Cette semaine, l'Europe va connaître de profonds changements politiques. La France et le Royaume-Uni élisent chacun un nouveau gouvernement dimanche et jeudi. Les Britanniques devront choisir un nouveau Premier ministre, les Français un nouveau Parlement. Les deux élections sont certes de nature très différentes, mais elles auront une grande influence sur la politique du Vieux Continent.
Royaume-Uni: «Same but different»
L'actuel Premier ministre britannique Rishi Sunak devra probablement passer le flambeau. Après 14 ans dans l'opposition, le parti travailliste et son actuel leader Keir Starmer pourraient prendre la tête du gouvernement britannique jeudi, si les sondages se confirment. Actuellement, le parti de centre-gauche bénéficie de 40% d'opinions favorables, les conservateurs des Tories de seulement 20%, comme le montrent les sondages représentatifs de la chaîne britannique BBC.

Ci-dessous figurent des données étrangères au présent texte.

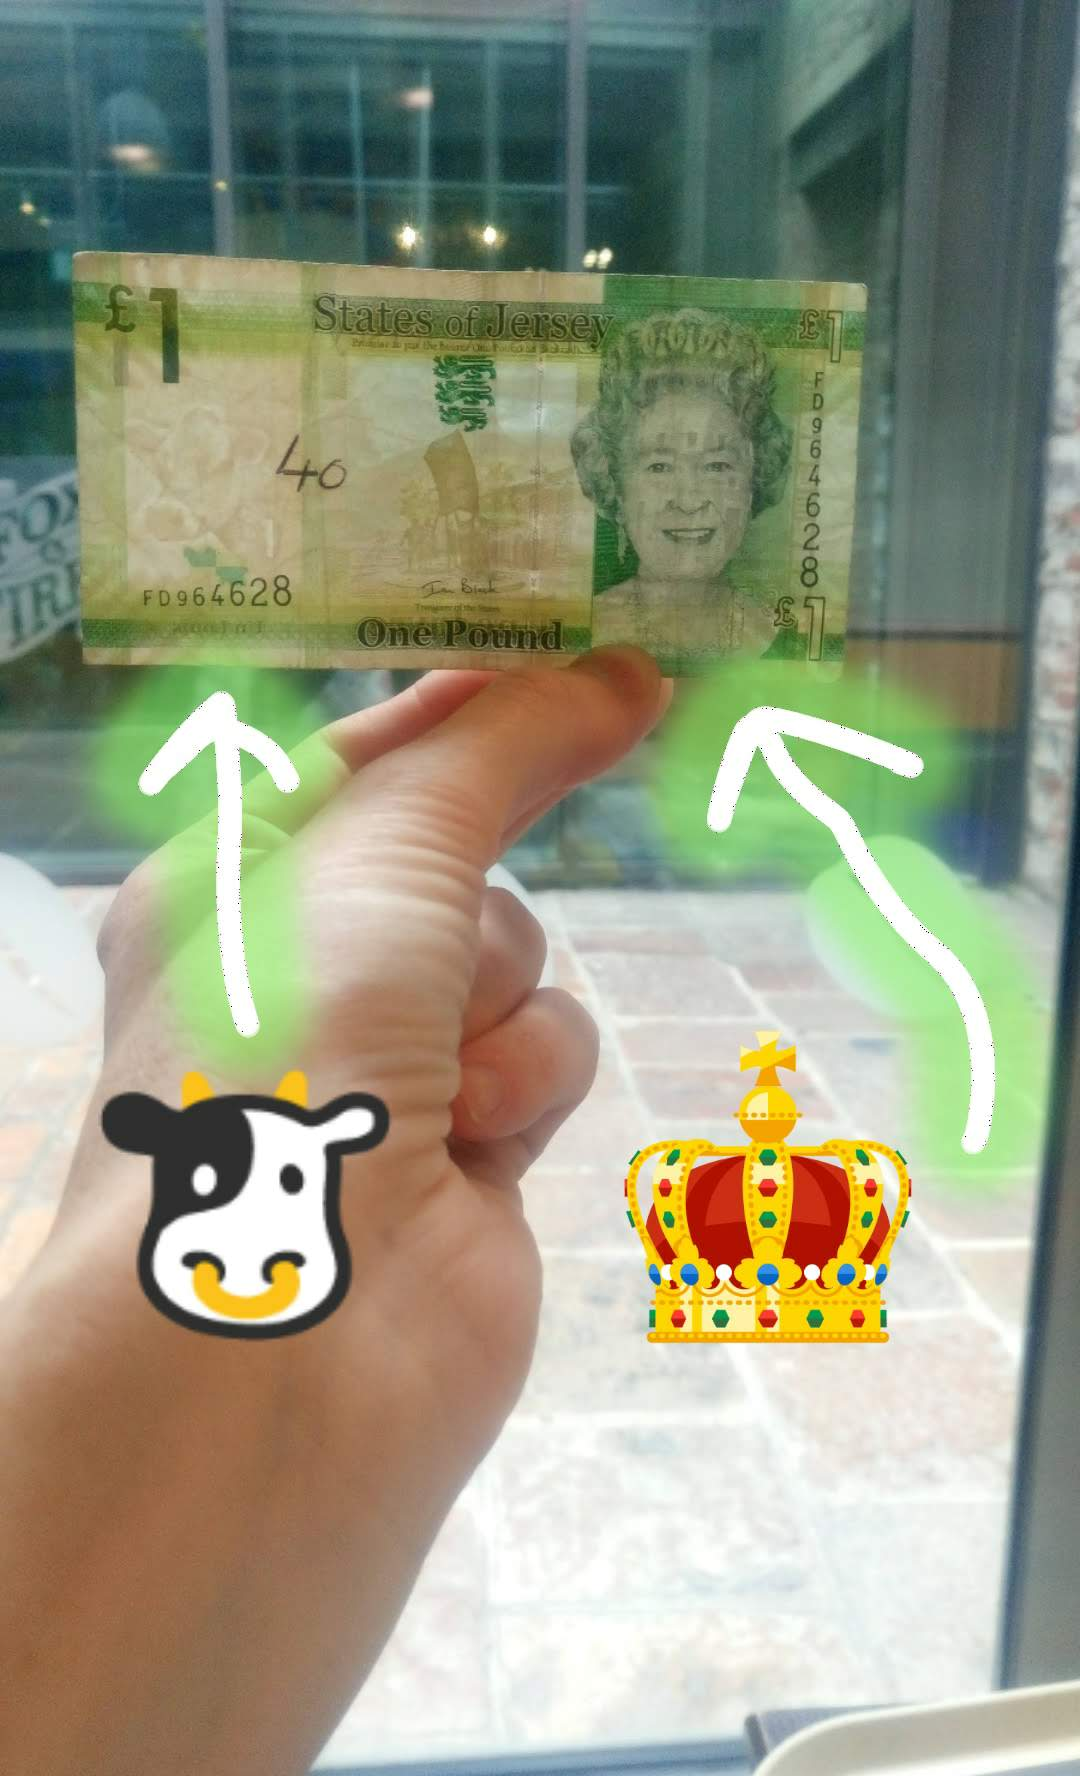 La banconota da £1 di Jersey

Qu'est-ce qui changera si le Centre-Gauche remplace les conservateurs? Pas grand-chose pour l'instant, du moins pas en politique étrangère. Le chef du Labour Keir Starmer, lui-même autrefois opposé au Brexit, a clairement déclaré qu'il ne reviendrait pas sur la sortie du Royaume-Uni de l'UE. Il souhaite toutefois améliorer les relations avec cette dernière.

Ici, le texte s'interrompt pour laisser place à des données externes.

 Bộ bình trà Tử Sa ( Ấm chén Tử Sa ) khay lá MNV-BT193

Le programme électoral du parti travailliste prévoit d'alléger les contrôles aux frontières afin de réduire le coût des denrées alimentaires, de soutenir les tournées d'artistes et d'encourager la reconnaissance mutuelle des qualifications professionnelles. Parmi les changements proposés figure également un nouvel accord vétérinaire avec l'UE, destiné à améliorer les échanges commerciaux.
Sur la question de l'Ukraine, Keir Starmer a aussi annoncé qu'il suivrait la ligne de ses rivaux conservateurs s'il était élu. Le parti travailliste s'est non seulement engagé à maintenir l'engagement du Royaume-Uni au sein de l'OTAN, mais il a aussi fait campagne pour un nouveau «pacte de sécurité» avec l'Europe, même si les détails de ce qu'il pourrait contenir restent vagues.
France: La rupture
Les élections françaises diffèrent en presque tous points des élections britanniques. Dans l'Hexagone, le président Emmanuel Macron a convoqué de nouvelles élections parlementaires début juin après les mauvais résultats de son parti aux élections européennes. Le deuxième tour aura lieu dimanche. Actuellement, ce n'est pas son parti ou sa coalition qui est en tête, mais le Rassemblement national (RN), parti d'extrême droite, dirigé par Marine Le Pen (55 ans).
Si le RN parvient à étendre son influence au Parlement français dimanche, les relations de la France avec l'Europe s'en trouveront fondamentalement modifiées. Le plus gros problème pour le parti est sa position prorusse. Marine Le Pen elle-même a déclaré en 2017 qu'elle «vénérait» le chef du Kremlin Vladimir Poutine. Jordan Bardella, l'élève politique de Le Pen et actuel président du parti, a en outre clairement indiqué qu'il était hors de question que la France envoie des troupes en Ukraine, contrairement à ce que laissait entendre Macron quelque temps plus tôt. De plus, le RN n'a pas encore voté de résolution pro-ukrainienne au Parlement européen.
Si Jordan Bardella, 28 ans, devenait Premier ministre, il pourrait soit mener une guérilla contre Macron, soit tenter de changer l'UE de l'intérieur. Avec le soutien de partis d'extrême droite dans plusieurs pays, le RN pourrait constituer une minorité de blocage au sein du Conseil des ministres de l'UE, orienter le cours de la politique européenne, bloquer l'aide à l'Ukraine et empêcher l'élargissement de l'UE. Cette stratégie pourrait éviter l'isolement de la France, mais aurait de graves conséquences pour l'Europe. Toujours est-il que le parti a entre-temps renoncé à l'idée de faire passer un «Frexit».
Des querelles programmées
La relation entre les deux pays est une histoire tumultueuse et cela ne va probablement pas s'arranger. David Lammy, qui sera probablement le nouveau ministre des Affaires étrangères du Royaume-Uni, a déjà traité Marine Le Pen de «fasciste».
L'un des principaux points de désaccord concernera la traversée de la Manche par les migrants. Certains experts ont fait remarquer qu'un gouvernement d'extrême droite pourrait éventuellement entraîner une augmentation du nombre de traversées vers Londres par de petites embarcations. Pour le dire simplement, un gouvernement français nationaliste, qui souhaite prendre des mesures sévères contre l'immigration, ne s'opposera guère à ce que des migrants quittent la France pour traverser la Manche.